_GIVEN MATERIAL_:
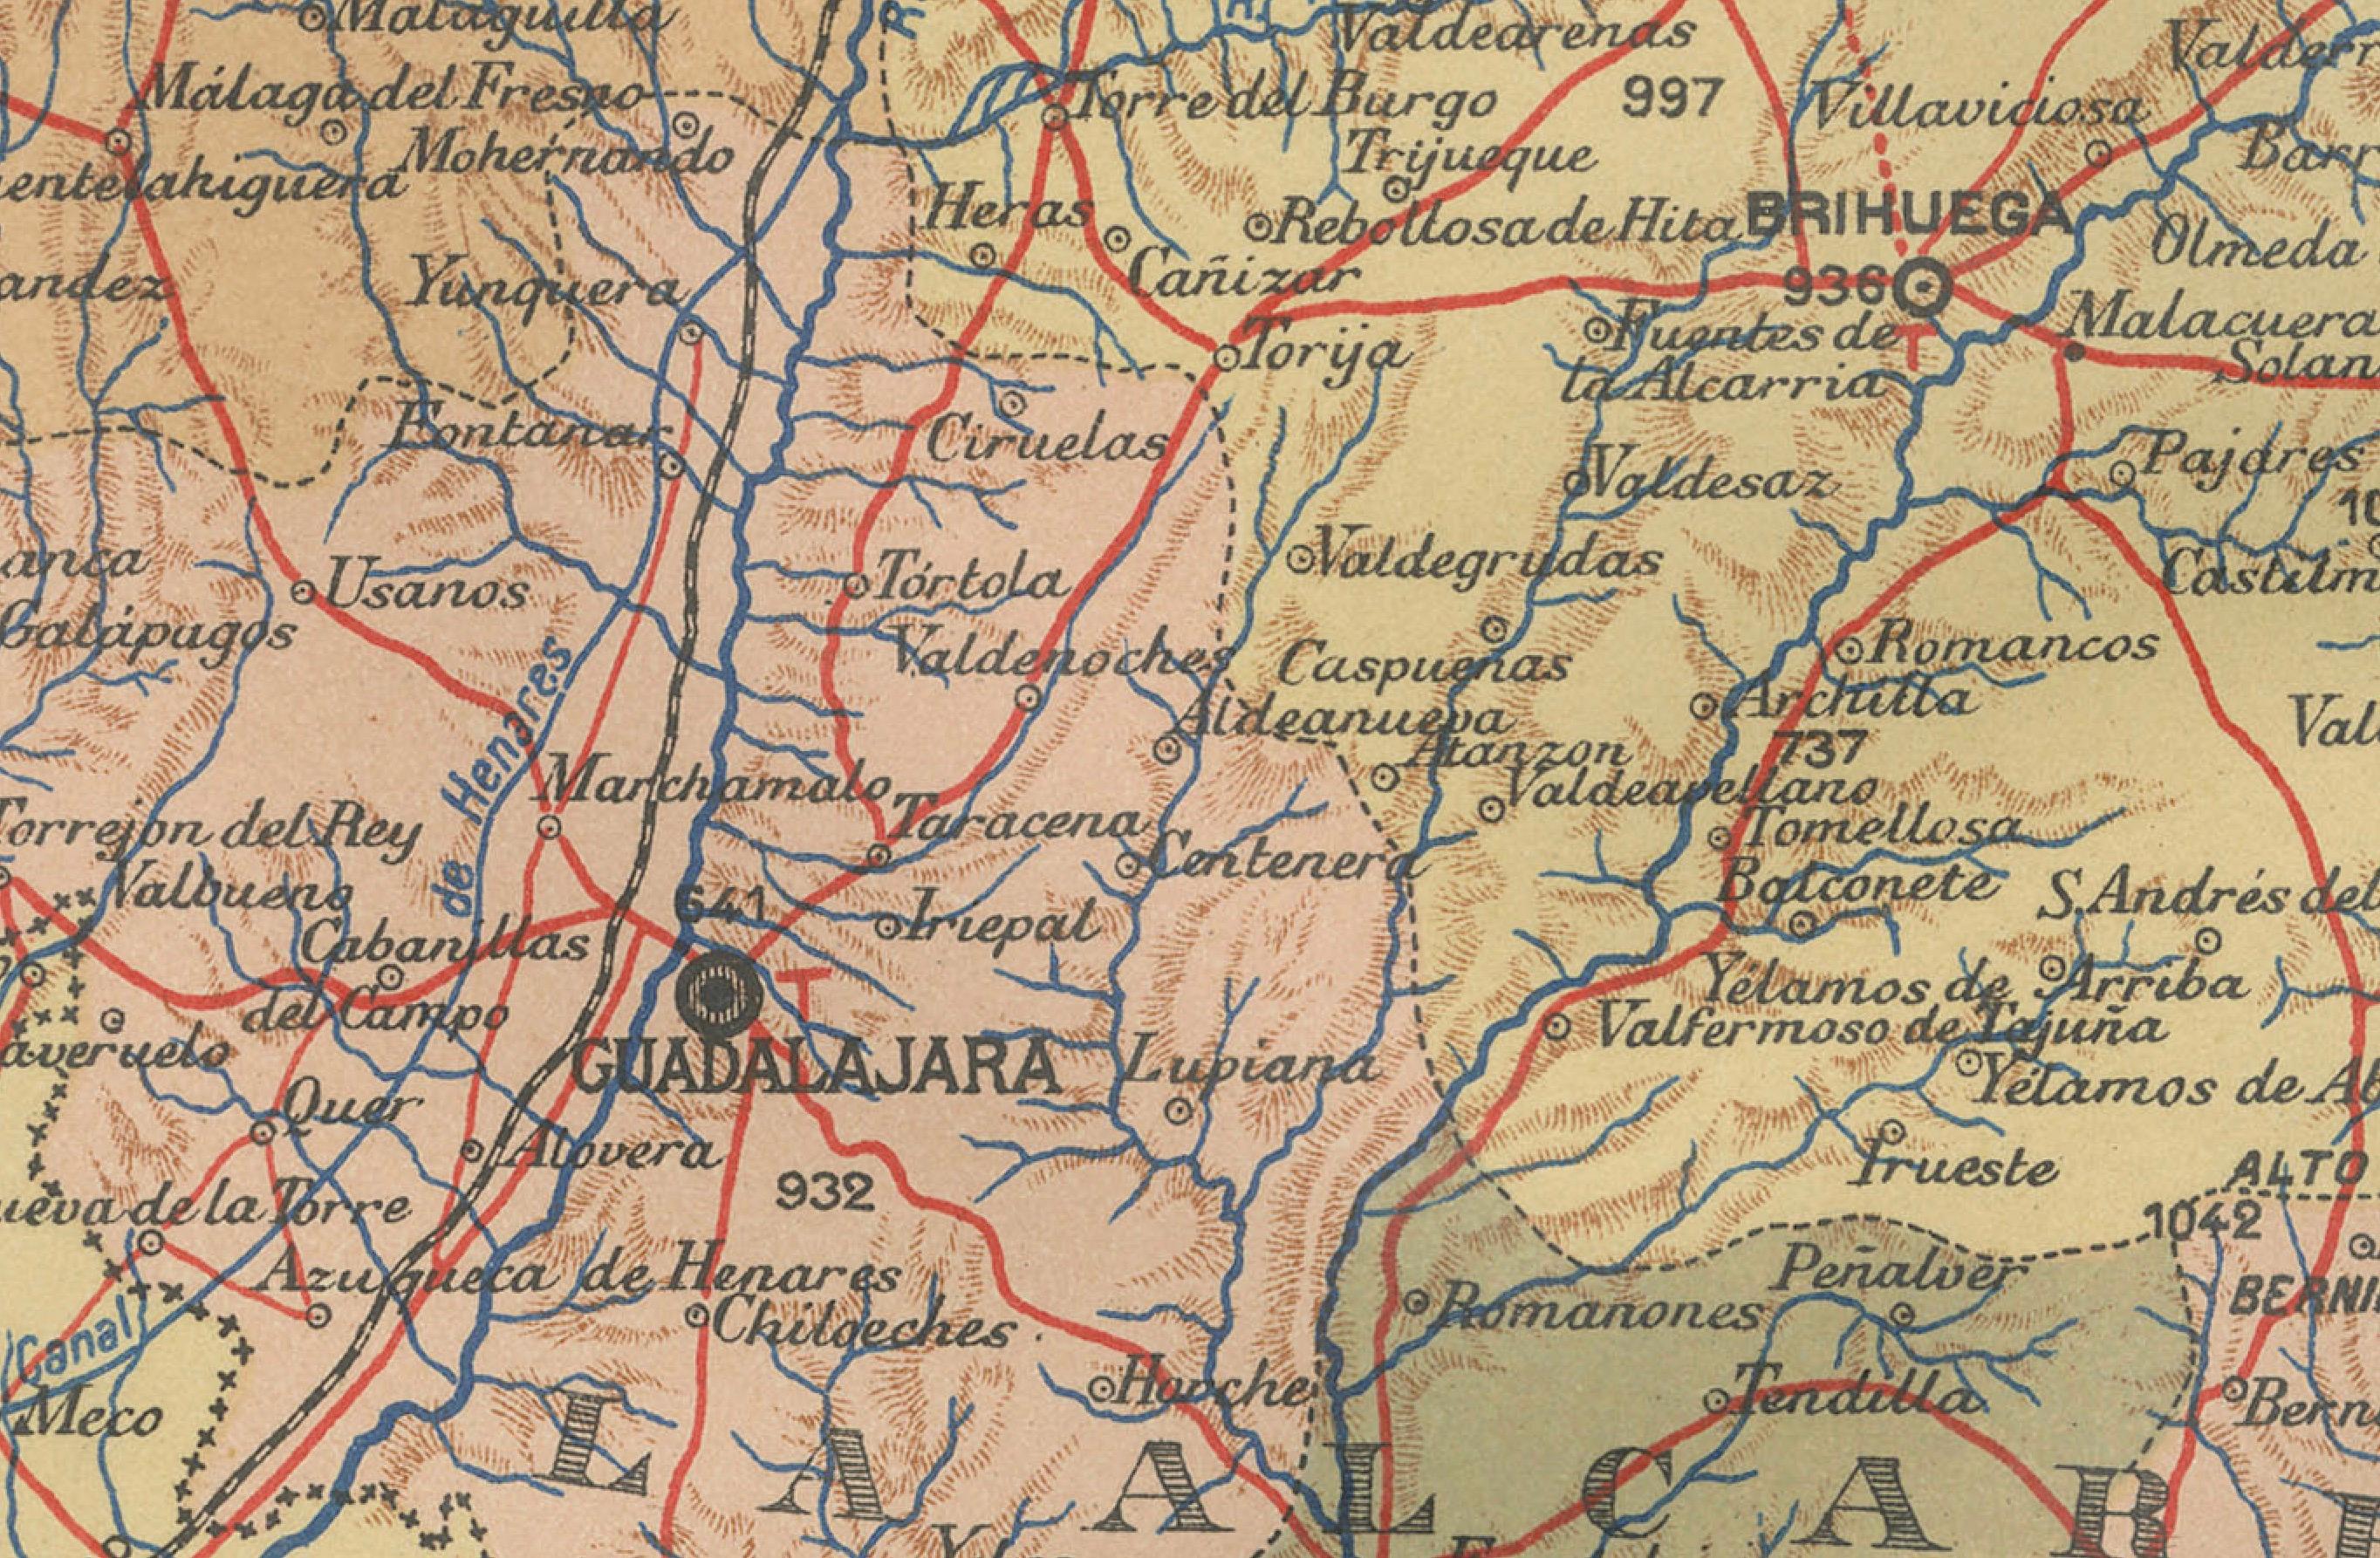 The map illustrates the province of Guadalajara, part of the autonomous community of Castilla-La Mancha in Spain, as of 1902. The map includes various geographic and infrastructural features:

It highlights the diverse landscape, which includes part
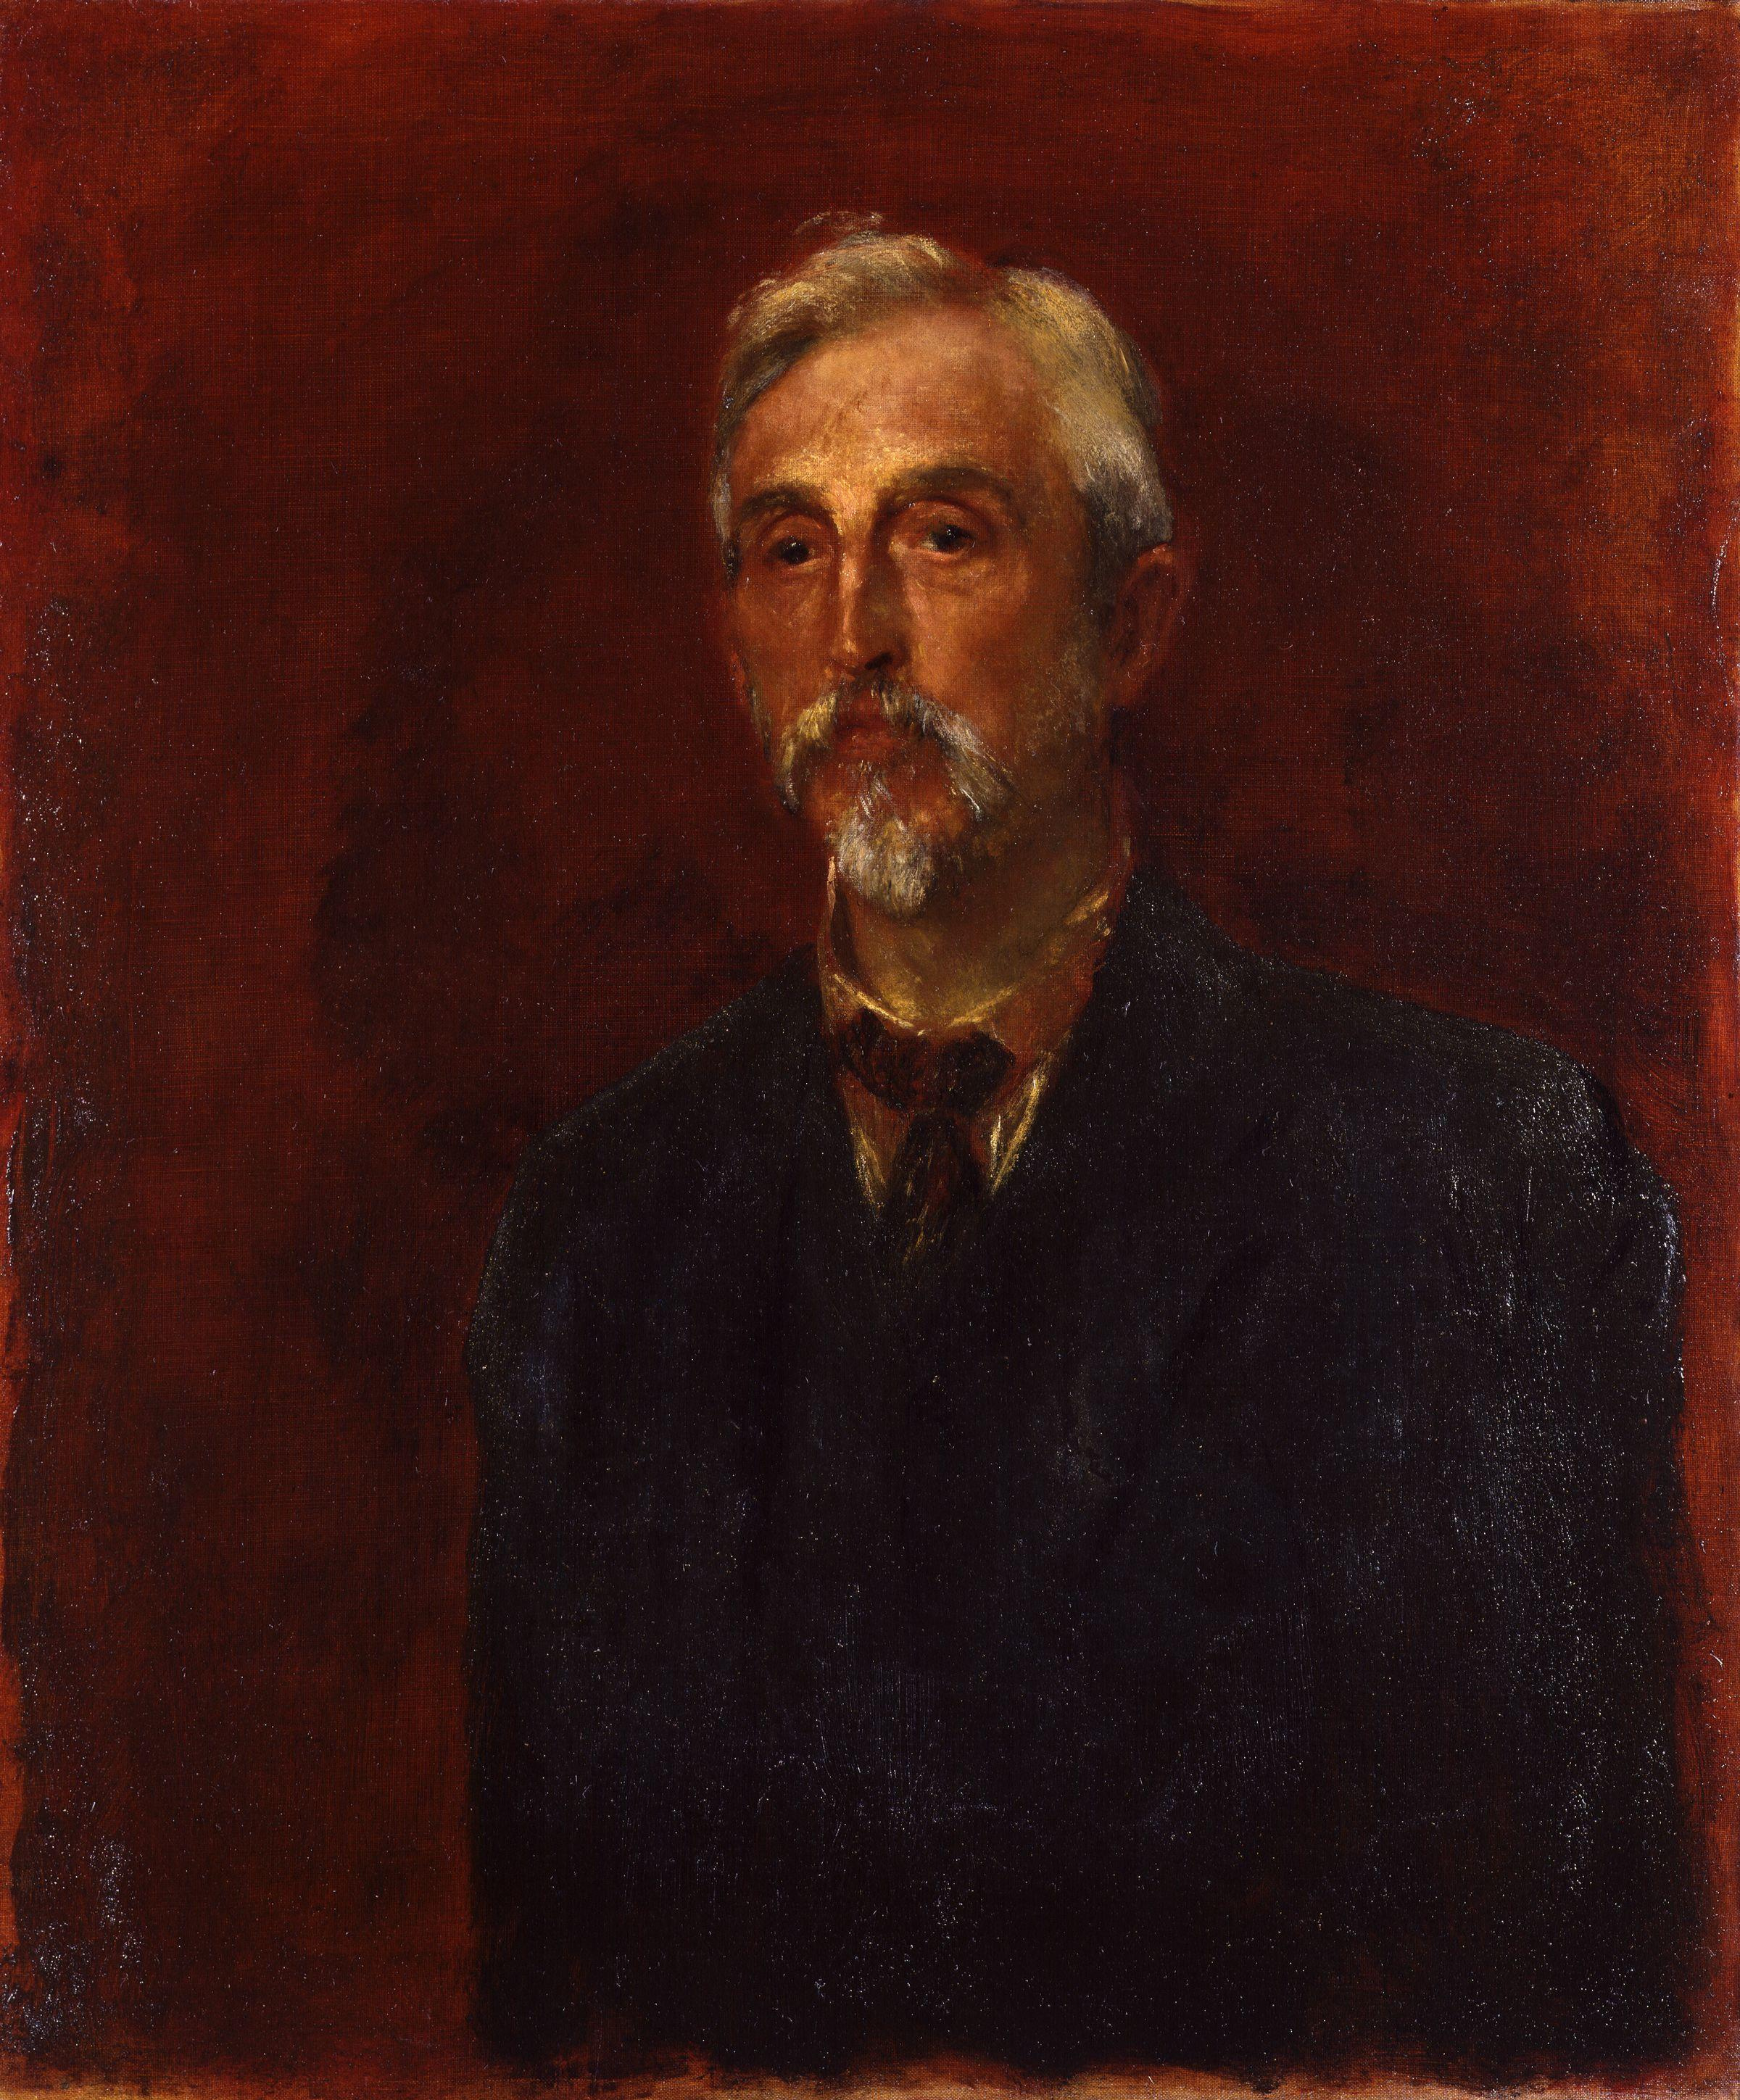 Charles Booth by George Frederic Watts
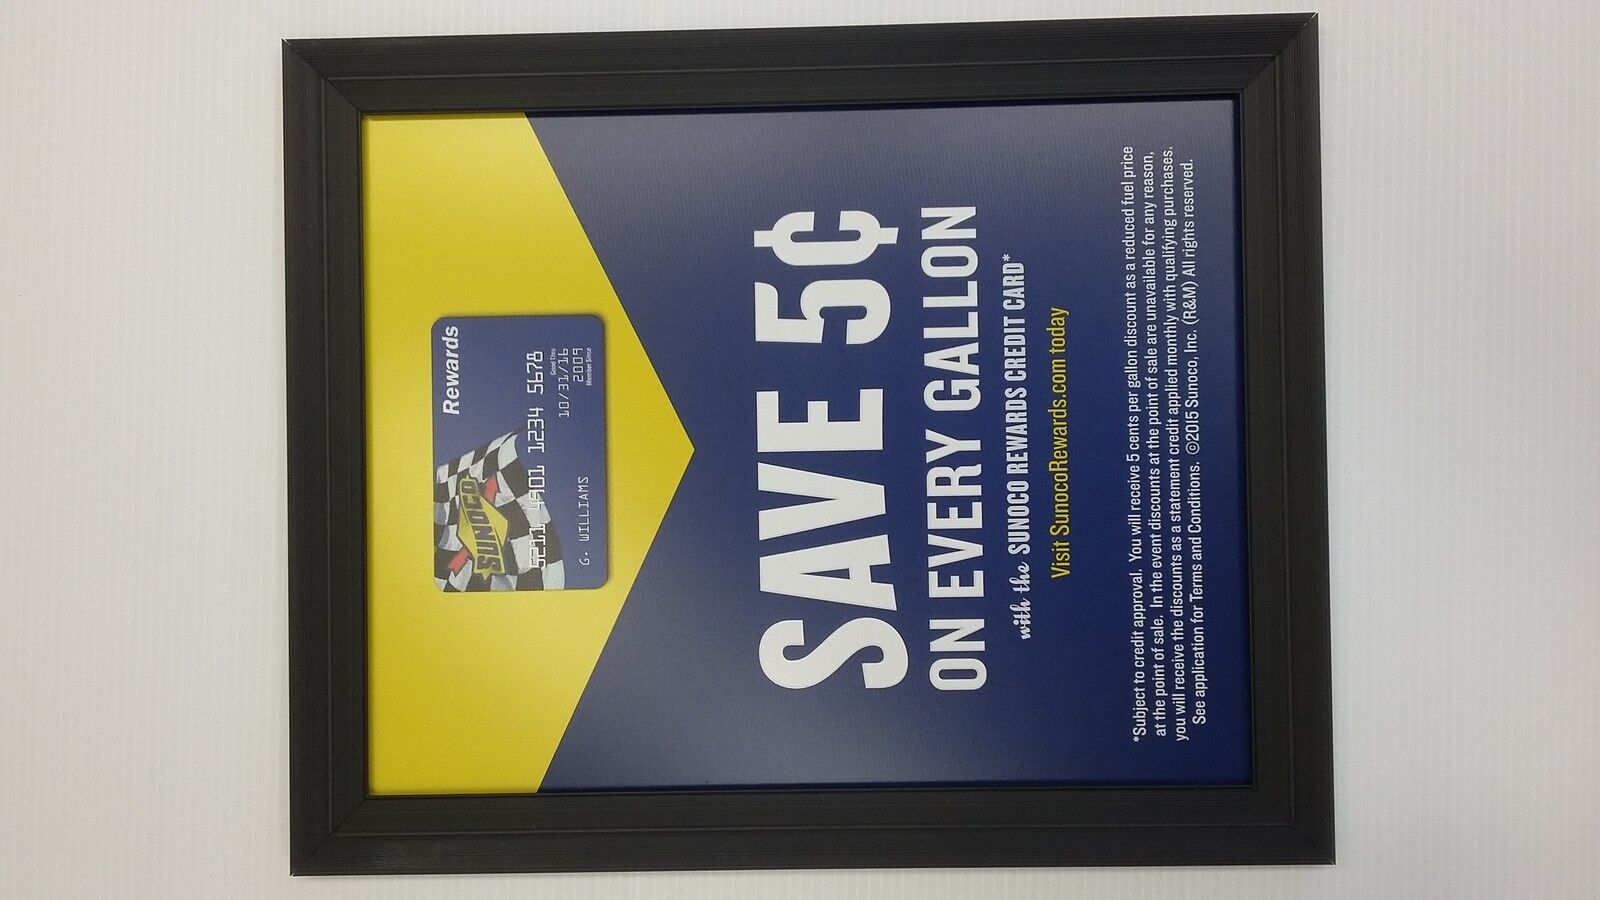 SNAP LOCK FRAME SIGN. WALL MOUNT. FOR GAS PUMP. CONVENIENCE STORE PROMOT

_INSTRUCTIONS TO FOLLOW_: Go from the first line of the data above to the line containing "Charles Booth by George Frederic Watts" and retype exactly those lines, both included, but none of the pictures.

_EXERCISE ANSWER_:
 The map illustrates the province of Guadalajara, part of the autonomous community of Castilla-La Mancha in Spain, as of 1902. The map includes various geographic and infrastructural features:

It highlights the diverse landscape, which includes part
 Charles Booth by George Frederic Watts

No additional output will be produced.